**Problem to solve**
Repeat only the stretch of lines below that runs from the line with "Lot 78 - Tray." through the line with "Cape Cod Earth Photography -Framed Art Print", unaltered.

[Items listed in a dataset]
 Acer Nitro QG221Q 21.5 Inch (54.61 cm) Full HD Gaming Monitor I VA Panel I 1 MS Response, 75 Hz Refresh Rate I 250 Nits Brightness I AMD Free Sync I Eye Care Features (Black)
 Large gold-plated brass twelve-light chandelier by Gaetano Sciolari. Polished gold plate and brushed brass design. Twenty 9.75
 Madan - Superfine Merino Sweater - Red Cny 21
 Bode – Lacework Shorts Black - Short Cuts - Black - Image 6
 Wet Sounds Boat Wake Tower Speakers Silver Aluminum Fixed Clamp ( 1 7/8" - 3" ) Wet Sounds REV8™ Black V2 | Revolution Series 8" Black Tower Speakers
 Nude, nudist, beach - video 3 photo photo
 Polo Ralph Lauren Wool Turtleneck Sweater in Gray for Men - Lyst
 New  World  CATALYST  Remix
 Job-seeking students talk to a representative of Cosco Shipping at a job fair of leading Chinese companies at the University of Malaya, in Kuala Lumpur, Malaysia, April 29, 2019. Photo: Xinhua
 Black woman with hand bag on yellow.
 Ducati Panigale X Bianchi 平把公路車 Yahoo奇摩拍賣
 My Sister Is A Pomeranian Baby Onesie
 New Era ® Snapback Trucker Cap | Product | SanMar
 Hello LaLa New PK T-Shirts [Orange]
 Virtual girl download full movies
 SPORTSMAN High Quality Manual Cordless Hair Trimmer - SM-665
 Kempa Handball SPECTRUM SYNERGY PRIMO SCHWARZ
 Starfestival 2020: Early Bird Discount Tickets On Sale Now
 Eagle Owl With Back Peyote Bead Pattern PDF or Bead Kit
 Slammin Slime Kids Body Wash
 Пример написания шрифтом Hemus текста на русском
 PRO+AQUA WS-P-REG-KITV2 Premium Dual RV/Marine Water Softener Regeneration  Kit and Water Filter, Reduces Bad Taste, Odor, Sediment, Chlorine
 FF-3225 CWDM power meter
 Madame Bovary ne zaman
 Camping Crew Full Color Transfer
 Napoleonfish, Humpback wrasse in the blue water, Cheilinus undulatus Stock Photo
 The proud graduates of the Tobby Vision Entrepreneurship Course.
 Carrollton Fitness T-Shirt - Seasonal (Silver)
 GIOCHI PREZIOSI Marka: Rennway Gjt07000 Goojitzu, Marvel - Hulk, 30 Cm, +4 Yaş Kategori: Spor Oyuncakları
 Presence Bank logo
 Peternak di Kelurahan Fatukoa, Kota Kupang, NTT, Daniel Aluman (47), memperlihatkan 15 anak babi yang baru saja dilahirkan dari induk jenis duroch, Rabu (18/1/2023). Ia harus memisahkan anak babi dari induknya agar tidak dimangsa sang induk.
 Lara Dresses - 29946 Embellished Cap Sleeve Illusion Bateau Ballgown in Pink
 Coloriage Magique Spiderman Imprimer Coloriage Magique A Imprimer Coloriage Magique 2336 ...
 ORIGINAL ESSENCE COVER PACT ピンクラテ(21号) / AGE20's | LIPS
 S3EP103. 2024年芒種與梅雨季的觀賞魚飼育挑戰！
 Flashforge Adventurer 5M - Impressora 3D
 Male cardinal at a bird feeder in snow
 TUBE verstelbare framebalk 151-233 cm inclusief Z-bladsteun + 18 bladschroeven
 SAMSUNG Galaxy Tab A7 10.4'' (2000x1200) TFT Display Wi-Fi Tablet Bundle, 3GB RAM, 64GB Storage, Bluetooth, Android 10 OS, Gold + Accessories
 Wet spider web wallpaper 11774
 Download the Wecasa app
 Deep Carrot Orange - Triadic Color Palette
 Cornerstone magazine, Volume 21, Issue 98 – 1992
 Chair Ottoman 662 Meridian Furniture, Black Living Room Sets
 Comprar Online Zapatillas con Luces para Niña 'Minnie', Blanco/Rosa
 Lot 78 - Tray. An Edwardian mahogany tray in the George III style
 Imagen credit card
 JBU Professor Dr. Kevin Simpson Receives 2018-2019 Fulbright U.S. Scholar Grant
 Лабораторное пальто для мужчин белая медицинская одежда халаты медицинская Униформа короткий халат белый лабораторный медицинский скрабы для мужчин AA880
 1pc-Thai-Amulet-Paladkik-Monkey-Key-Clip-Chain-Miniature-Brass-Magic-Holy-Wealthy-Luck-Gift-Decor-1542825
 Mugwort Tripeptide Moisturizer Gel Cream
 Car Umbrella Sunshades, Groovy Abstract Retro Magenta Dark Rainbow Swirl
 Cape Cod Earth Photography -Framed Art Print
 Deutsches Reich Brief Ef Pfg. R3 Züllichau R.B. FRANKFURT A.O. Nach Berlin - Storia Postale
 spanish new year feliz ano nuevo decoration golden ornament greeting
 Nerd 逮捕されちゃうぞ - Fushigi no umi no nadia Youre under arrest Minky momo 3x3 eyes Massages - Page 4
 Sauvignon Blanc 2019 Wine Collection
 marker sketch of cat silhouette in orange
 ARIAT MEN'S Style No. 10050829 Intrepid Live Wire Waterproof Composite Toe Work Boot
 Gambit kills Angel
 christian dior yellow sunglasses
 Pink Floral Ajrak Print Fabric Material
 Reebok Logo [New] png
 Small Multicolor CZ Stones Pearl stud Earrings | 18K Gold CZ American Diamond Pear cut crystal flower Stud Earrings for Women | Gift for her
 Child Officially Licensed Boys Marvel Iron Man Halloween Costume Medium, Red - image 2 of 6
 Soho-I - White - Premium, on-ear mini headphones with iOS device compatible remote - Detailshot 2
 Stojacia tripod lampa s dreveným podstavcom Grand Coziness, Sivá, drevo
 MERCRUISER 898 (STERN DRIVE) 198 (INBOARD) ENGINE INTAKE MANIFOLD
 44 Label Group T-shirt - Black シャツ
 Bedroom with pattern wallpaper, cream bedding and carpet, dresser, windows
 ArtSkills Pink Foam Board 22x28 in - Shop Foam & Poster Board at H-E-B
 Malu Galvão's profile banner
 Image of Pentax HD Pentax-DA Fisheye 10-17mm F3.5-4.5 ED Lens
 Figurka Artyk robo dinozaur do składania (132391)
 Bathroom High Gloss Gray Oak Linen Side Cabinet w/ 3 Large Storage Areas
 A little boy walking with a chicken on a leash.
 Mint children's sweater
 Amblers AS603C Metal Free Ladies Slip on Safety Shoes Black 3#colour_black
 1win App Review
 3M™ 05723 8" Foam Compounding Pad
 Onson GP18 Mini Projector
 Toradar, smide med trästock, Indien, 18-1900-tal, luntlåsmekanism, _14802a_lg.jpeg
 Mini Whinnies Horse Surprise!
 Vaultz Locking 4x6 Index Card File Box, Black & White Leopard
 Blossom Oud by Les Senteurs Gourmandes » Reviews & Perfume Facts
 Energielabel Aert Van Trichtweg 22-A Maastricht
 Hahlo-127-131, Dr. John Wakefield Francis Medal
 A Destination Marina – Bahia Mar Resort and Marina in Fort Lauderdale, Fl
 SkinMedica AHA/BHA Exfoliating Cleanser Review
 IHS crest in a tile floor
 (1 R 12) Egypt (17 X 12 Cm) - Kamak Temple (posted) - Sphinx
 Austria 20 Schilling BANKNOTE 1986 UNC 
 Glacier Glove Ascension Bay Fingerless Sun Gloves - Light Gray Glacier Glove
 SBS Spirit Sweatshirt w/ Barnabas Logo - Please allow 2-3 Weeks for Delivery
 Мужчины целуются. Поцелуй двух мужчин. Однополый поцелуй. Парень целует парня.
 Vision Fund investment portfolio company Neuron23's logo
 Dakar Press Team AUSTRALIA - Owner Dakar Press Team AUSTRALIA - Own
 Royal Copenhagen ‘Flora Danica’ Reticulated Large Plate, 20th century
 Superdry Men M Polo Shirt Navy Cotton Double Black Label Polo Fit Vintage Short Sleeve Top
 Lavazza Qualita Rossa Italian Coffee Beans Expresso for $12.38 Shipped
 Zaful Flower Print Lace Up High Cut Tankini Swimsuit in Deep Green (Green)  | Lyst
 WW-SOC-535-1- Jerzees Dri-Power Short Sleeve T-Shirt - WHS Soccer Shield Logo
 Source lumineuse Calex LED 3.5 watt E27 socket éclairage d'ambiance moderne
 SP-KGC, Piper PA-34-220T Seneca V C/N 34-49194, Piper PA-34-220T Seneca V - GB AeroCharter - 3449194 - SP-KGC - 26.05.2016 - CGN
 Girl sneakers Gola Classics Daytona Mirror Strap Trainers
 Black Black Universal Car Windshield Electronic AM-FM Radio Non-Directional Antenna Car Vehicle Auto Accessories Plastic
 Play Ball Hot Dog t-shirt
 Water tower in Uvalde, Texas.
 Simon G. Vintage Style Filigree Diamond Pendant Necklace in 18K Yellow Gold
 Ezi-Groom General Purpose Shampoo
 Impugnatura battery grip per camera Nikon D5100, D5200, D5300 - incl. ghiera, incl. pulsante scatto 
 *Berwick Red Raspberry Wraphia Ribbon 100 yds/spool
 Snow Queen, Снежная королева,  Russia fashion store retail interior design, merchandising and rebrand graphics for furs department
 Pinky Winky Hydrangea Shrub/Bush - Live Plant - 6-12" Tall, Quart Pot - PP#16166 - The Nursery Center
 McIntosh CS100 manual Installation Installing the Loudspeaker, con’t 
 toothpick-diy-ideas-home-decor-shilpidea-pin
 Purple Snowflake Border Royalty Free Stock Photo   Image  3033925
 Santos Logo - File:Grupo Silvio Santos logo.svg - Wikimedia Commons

**Response area**
 Lot 78 - Tray. An Edwardian mahogany tray in the George III style
 Imagen credit card
 JBU Professor Dr. Kevin Simpson Receives 2018-2019 Fulbright U.S. Scholar Grant
 Лабораторное пальто для мужчин белая медицинская одежда халаты медицинская Униформа короткий халат белый лабораторный медицинский скрабы для мужчин AA880
 1pc-Thai-Amulet-Paladkik-Monkey-Key-Clip-Chain-Miniature-Brass-Magic-Holy-Wealthy-Luck-Gift-Decor-1542825
 Mugwort Tripeptide Moisturizer Gel Cream
 Car Umbrella Sunshades, Groovy Abstract Retro Magenta Dark Rainbow Swirl
 Cape Cod Earth Photography -Framed Art Print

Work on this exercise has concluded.